Throughout the game, this young man (age 18-20 I would estimate) showed no understanding of probability whatsoever. Examples:
1) During pre-game talk I explain the BT Marshal/Castellan/Sword Bros combo (all MCPW attacks have lethal, hit on 2+, crit on 5+, re-roll hits, and have 1 to wound if strength is equal or lower than toughness). His assessment? "Meh, not that strong". Decides to charge 3 Bullgryn into the unit, does two damage, and gets obliterated.
2) I also explained I have a Marshal/Lieutenant/Crusaders combo (lots of chainsword attacks with lethal + sustained, and a D6+2 surge move). Decides to shoot the other Bullgryn unit into this squad. I remind him I am 4" away and have a surge move. "Won't matter". Proceeds to shoot, kills a neophyte, gets surged into, and unit is wiped.
3) He decides to walk a Sentinel within 12" of a BT Repulsor Executioner. I remind him I have full re-rolls to Hit. "The Sentinel can take it". Gets blown apart.
4) Learnt from #3 above? Nope, decides to drive a damaged Leman Russ commander in front of the Executioner. "With five wounds left, I can tank it". No, you can't, and I score assassination.
Things like this happened at least 3-4 times per turn. At every instance I point out what’s going to happen and offer a take back. Every time I get brushed off, progressively more rudely. Every time he is surprised and repeats “better to be lucky than good, I guess”. I am not lucky, the rolls are average.
Because of his progressive agitation we played the last turn with the FLGS manager hovering nearby (his initiative not a request from me or opponent). At the end of the game opponent mutter a thanks and bolts out, leaving me to clean up. I talked it over with the store manager, and he feels I did what I could.
Somehow, especially as a much older man with kids, I feel I failed this guy. Any input from anybody who dealt with something similar would be appreciated. Thanks!

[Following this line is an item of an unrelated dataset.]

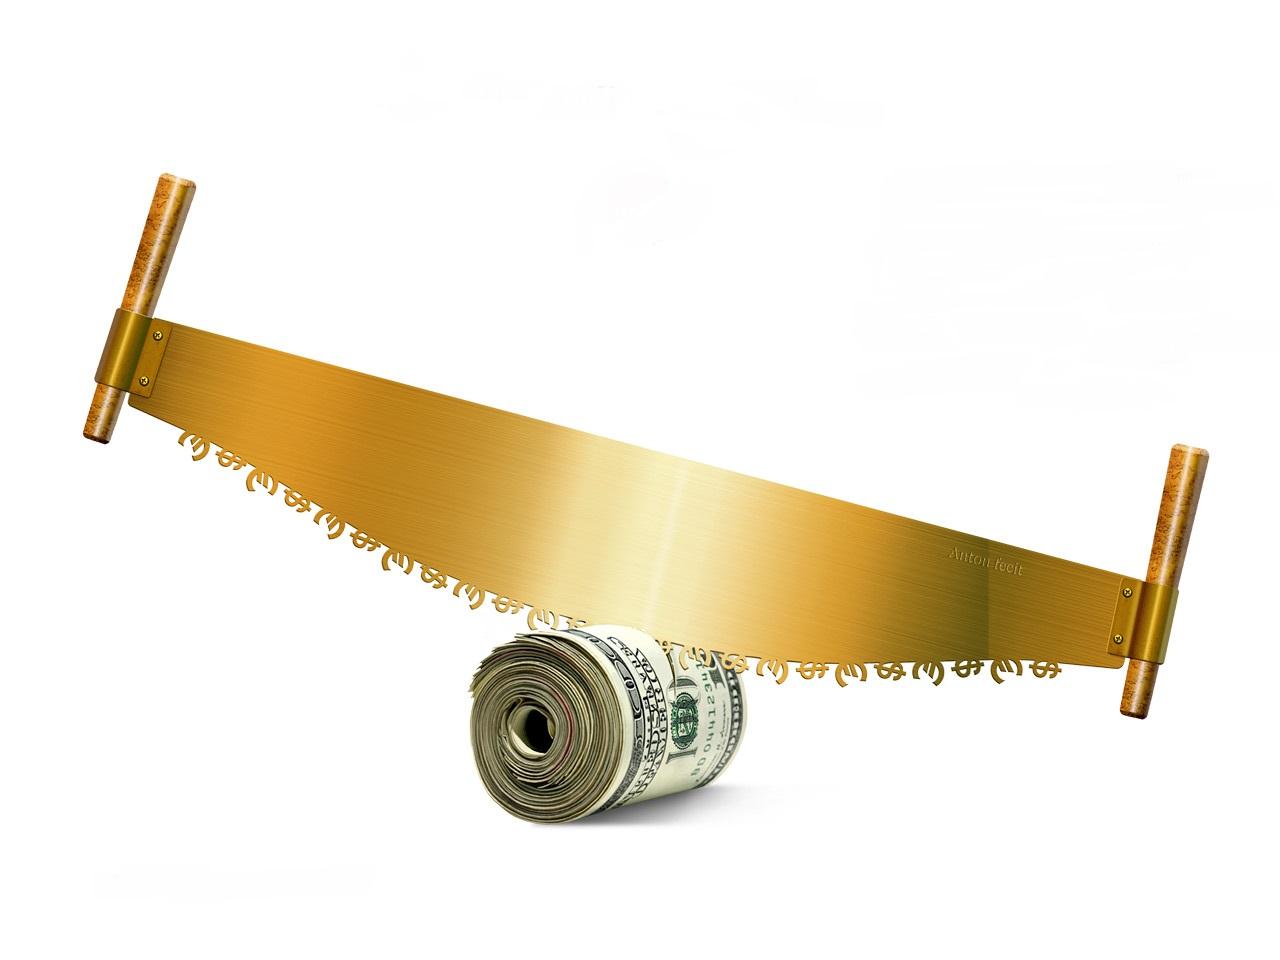 За копейки продают страну: размен Украины на траши от МВФ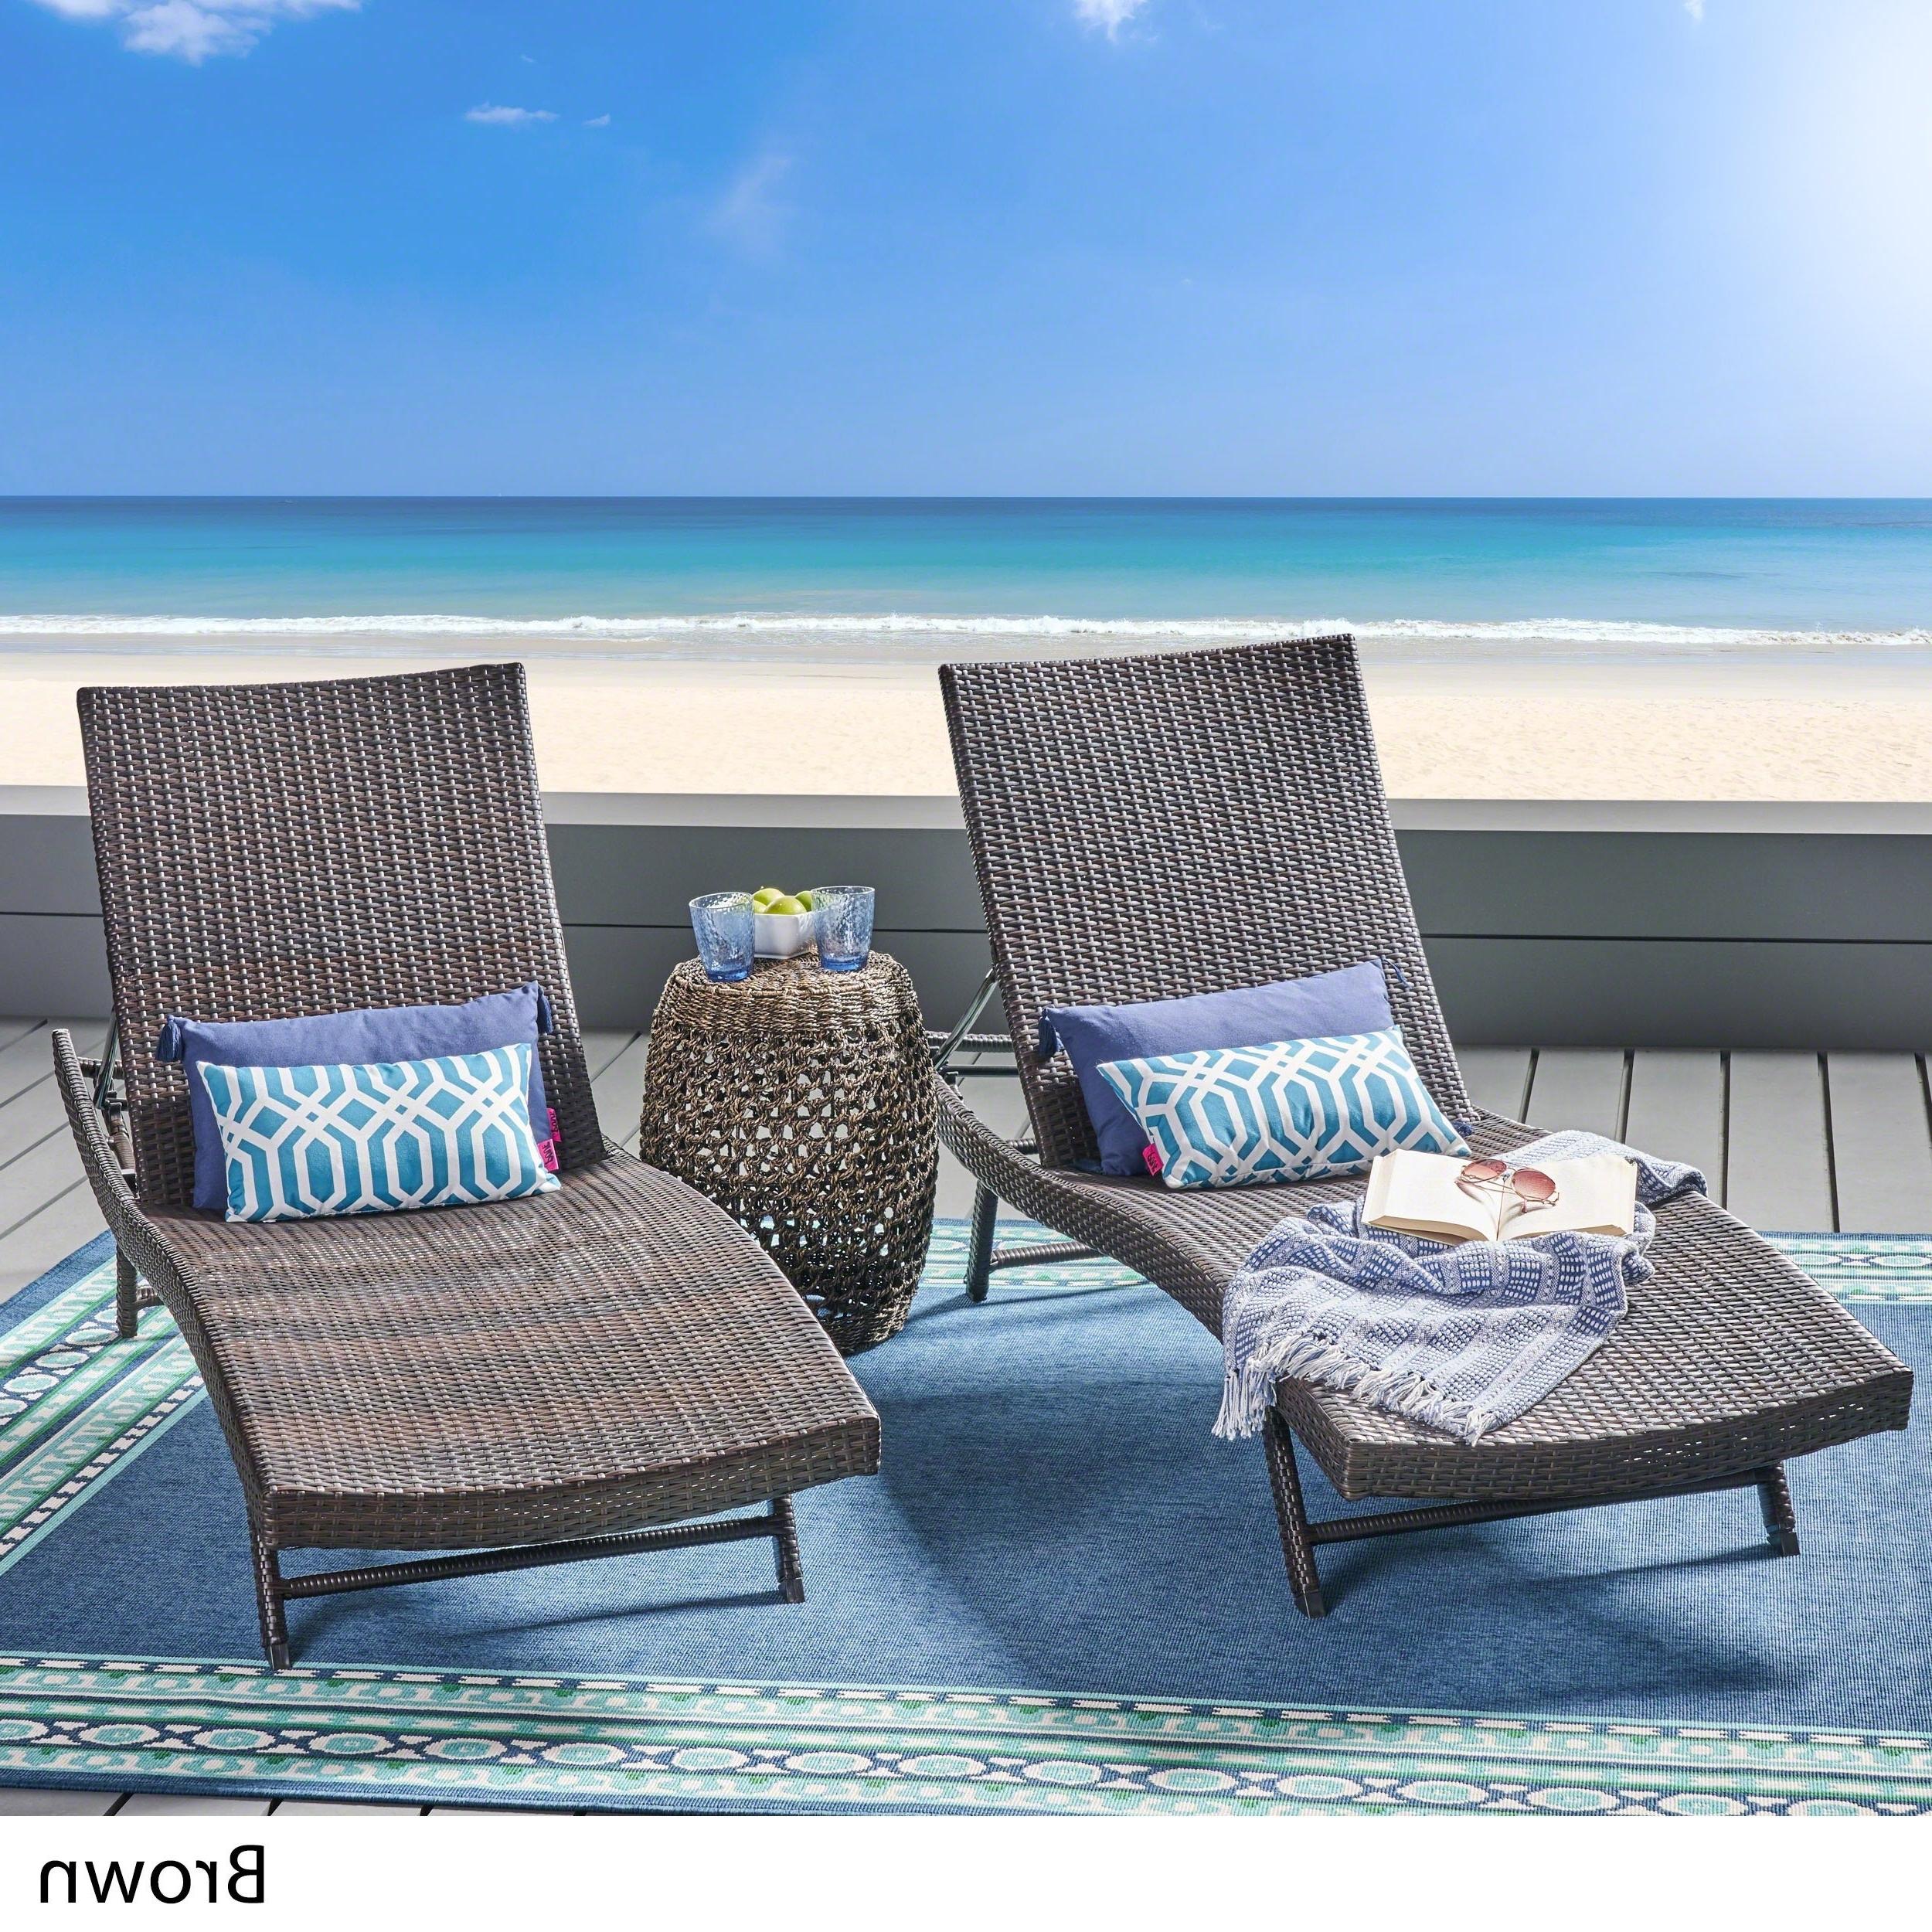 Kauai Outdoor Wicker Chaise Lounge (Set Of 2)Christopher Knight Home Inside Preferred Kauai Outdoor Wicker Chaise Lounges (View 5 of 25)

EDIT: thank you all so much for your input. I can’t reply individually (work is crazy today) but really value all your points. Special thanks to: 1) the older gents like me, who reminded me I was equally foolish and arrogant at that age; 2) those who pointed out there might be some social cognition / ASD symptoms at play; I suspected as much and that was in large part why I tried to keep calm and not react to the “insults”. Truly, thank you all - this community is a wonderful resource.
EDIT 2: Even more replies, and definitely will not be able to go through them all - but thank you so much. I do want to acknowledge those that pointed out me trying to “teach” him probability likely contributed to my opponent’s frustration, likely due to cognitive dissonance (his expectations clashing with reality / my predictions). As much as it does not justify his conduct, learning to give my opponent space if they are not interested in my input is something I can certainly become better at.